■ EXERCISE REQUIREMENTS ■
For the entries below, the expected answer is the line with "A lively outdoor", the line with "How To Finish", and every line between them, exactly as written, and nothing more.

─── INPUT ───

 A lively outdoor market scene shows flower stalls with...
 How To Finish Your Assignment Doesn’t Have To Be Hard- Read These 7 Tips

───
─── INPUT ───

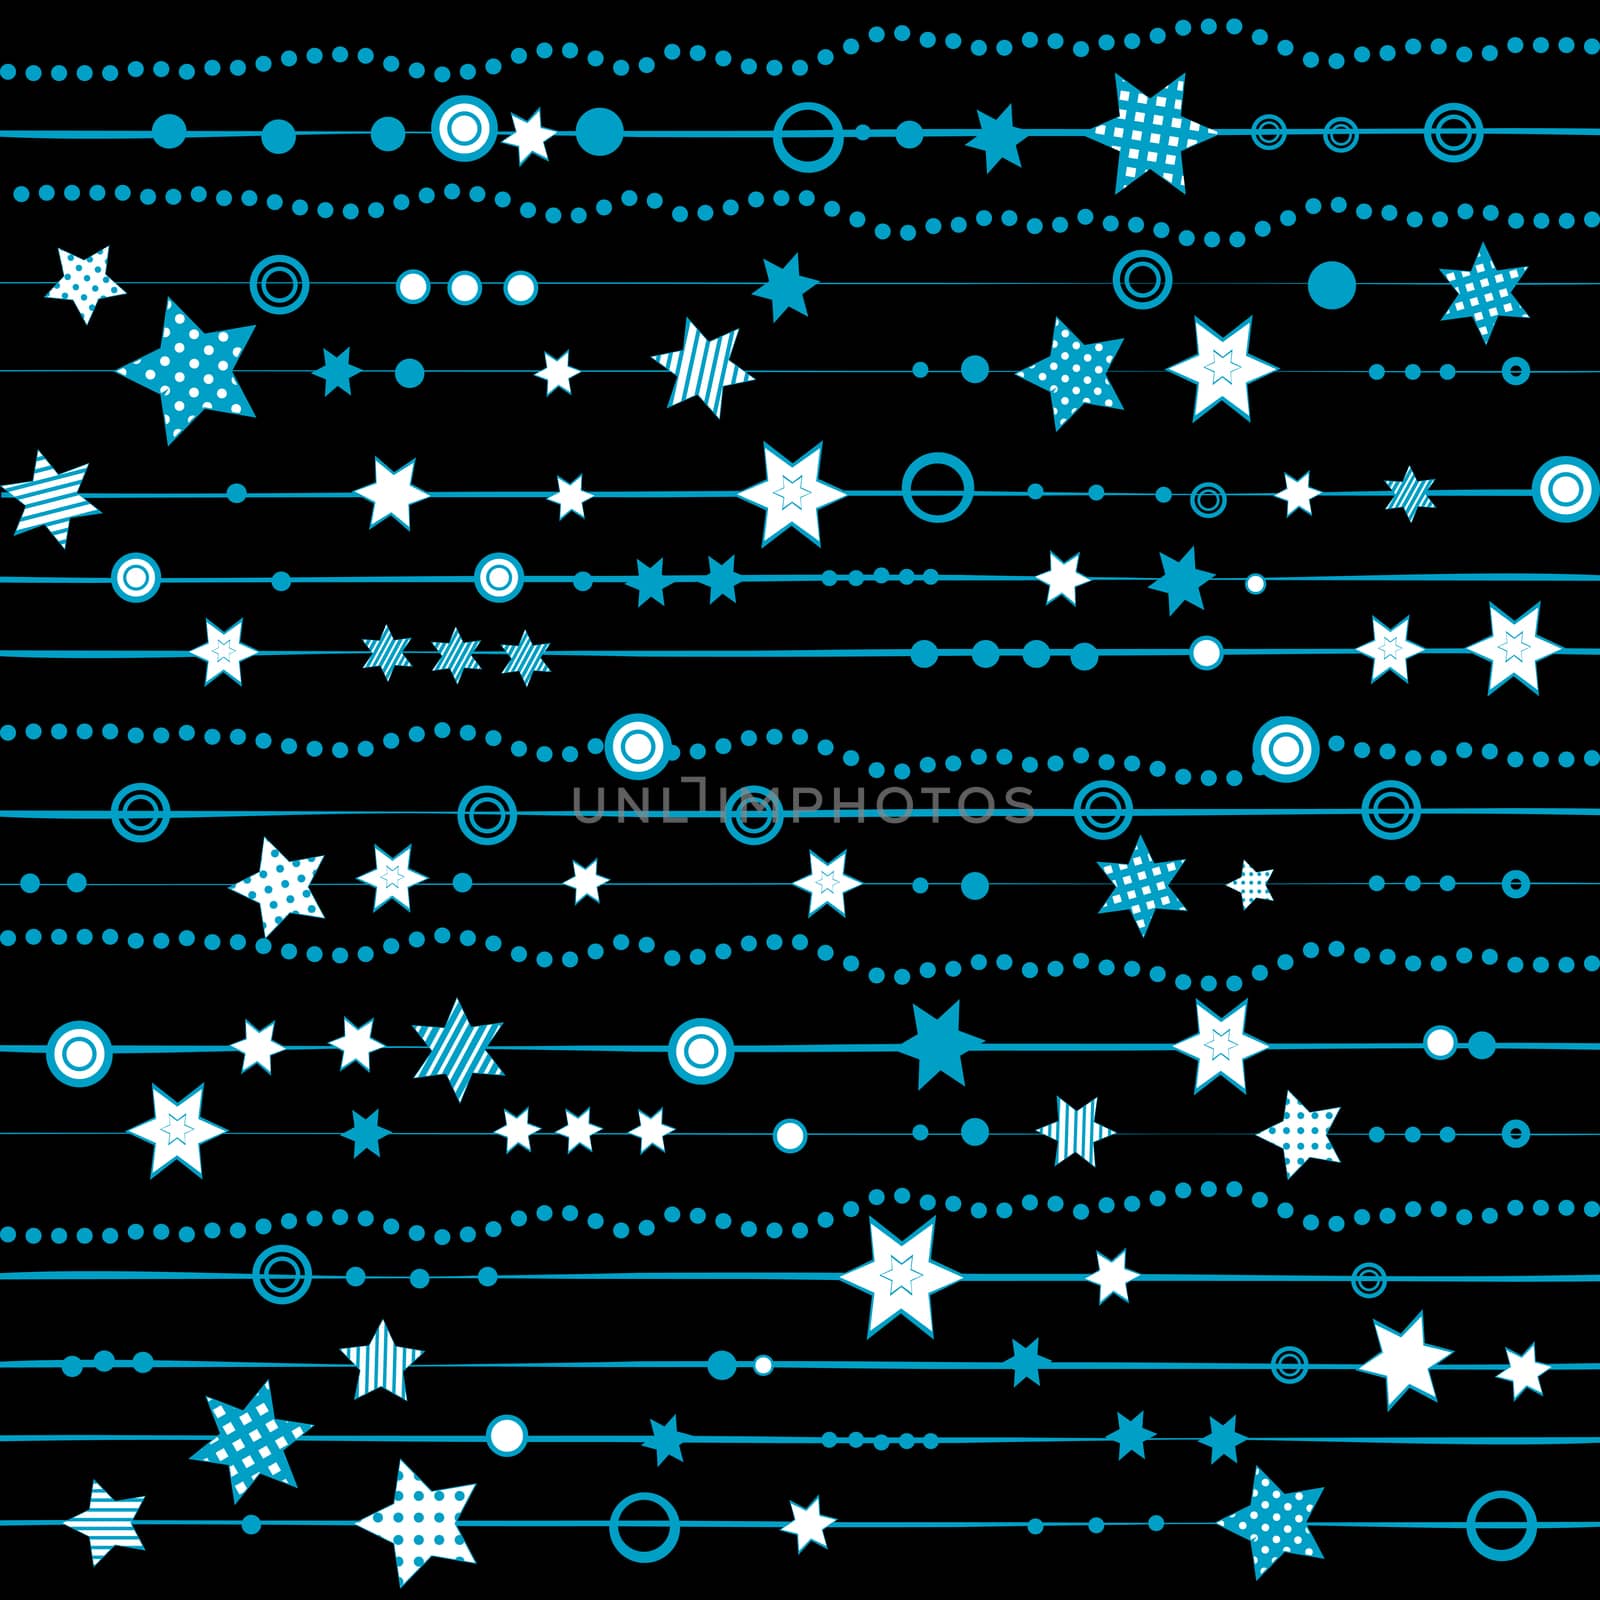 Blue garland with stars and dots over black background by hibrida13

───

■ FINAL ANSWER ■
 A lively outdoor market scene shows flower stalls with...
 How To Finish Your Assignment Doesn’t Have To Be Hard- Read These 7 Tips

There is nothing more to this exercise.